Results of Operations

The following table sets forth for the periods indicated, percentages for
certain items reflected in the financial data as such items bear to the revenues
of the Company:

              Relationship to Total Revenues
                                                           June 27,    June 29,
                                                             2008        2007
                                                           --------   --------

         Operating Revenues (in thousands)                 $  2,577   $  1,769
                                                           --------   --------

         Operating Expenses:
           (as a percentage of Operating Revenues)

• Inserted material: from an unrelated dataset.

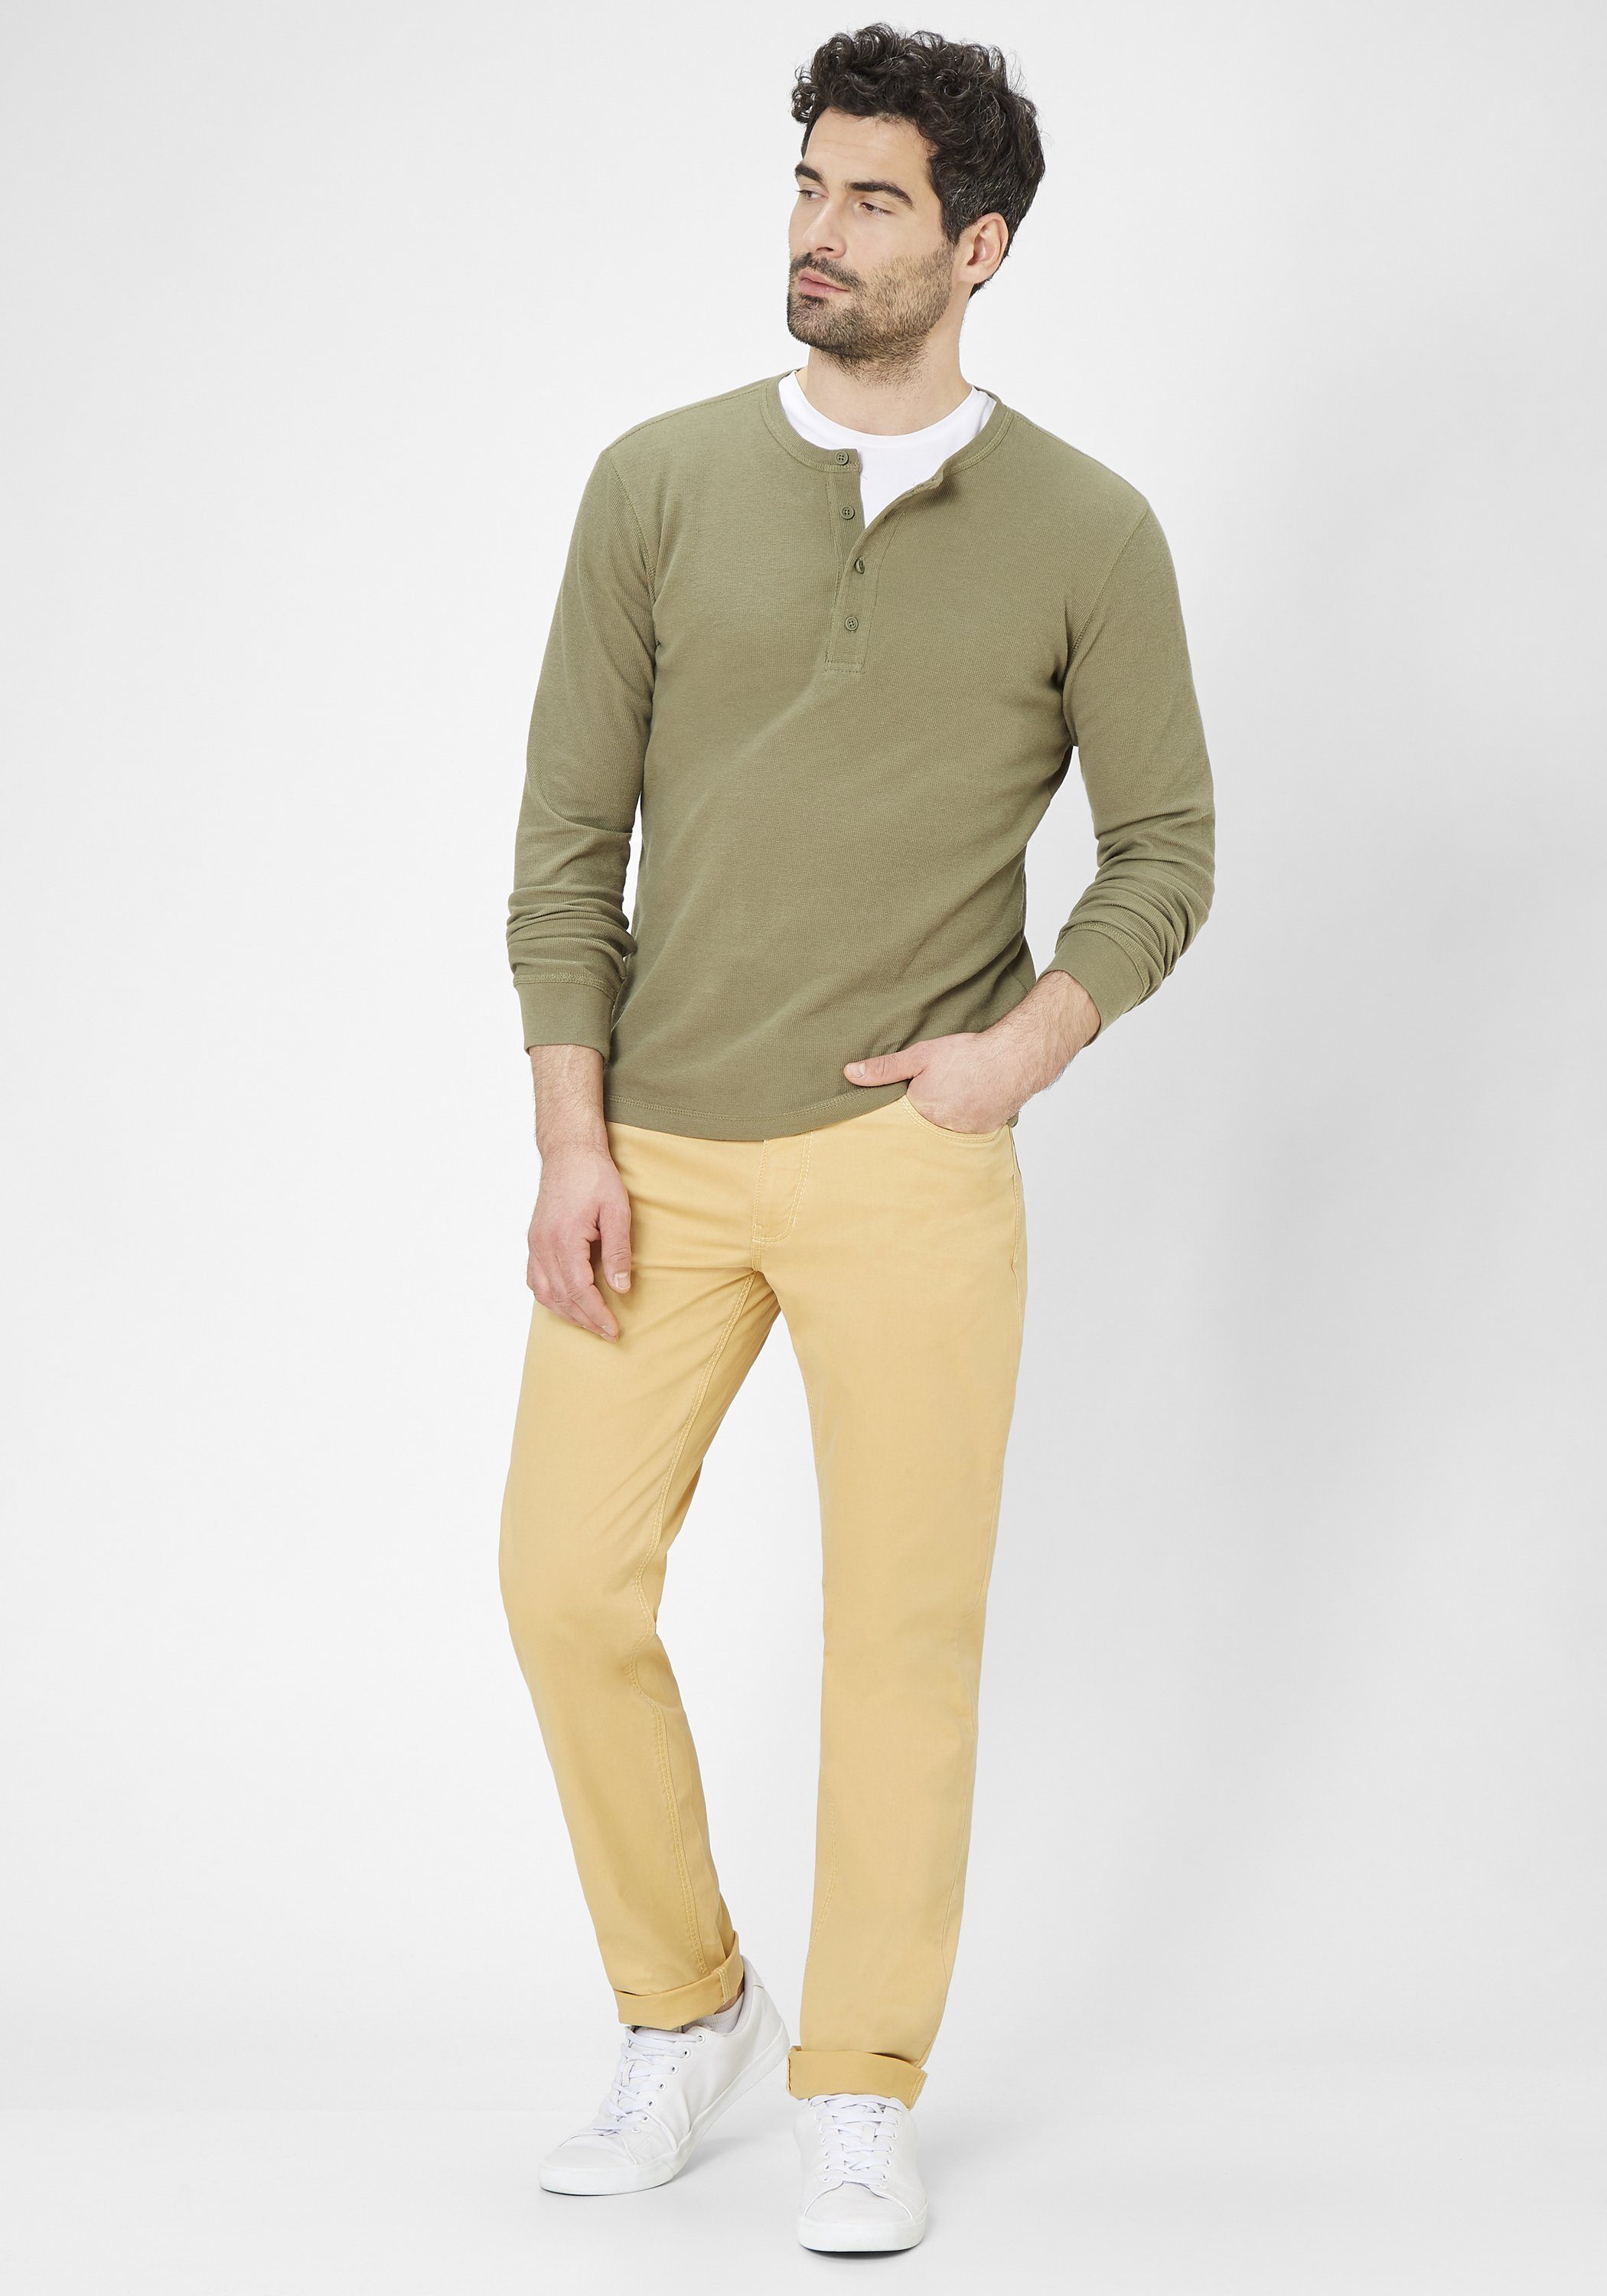 Redpoint Stoffhose MILTON super stretch Baumwolle yellow Pocket nachaltiger 5 aus

                     Costs of Products Sold                    66.1%      71.8%
                     Selling, General and Administrative       14.2%      16.9%
                     Interest Expense                            .8%       3.5%
                     Depreciation and amortization              1.8%       2.9%
                                                           --------   --------

                            TOTAL COSTS AND EXPENSES           82.9%      95.1%
                                                           --------   --------

         Operating Income (loss)                               17.1%       4.9%

         Other Income                                            --         --
                                                           --------   --------

         Income (loss) before Income Taxes                     17.1%       4.9%

         Income Taxes                                           (.9%)      (.8%)
                                                           --------   --------

         Net Income (loss)                                     16.2%       4.1%
                                                           ========   ========

Comparative Analysis-Three Months Ended June 27, 2008 and June 29, 2007

Operating revenues for the three months ended June 27, 2008 amounted to
$2,577,473 reflecting a 45.7% increase versus the three months ended June 29,
2007 revenues of $1,768,676. The sharp increase in revenues can be attributed to
a dramatic increase in commercial aerospace spending, new customers in the
medical device manufacturing sector as well as internal production efficiencies.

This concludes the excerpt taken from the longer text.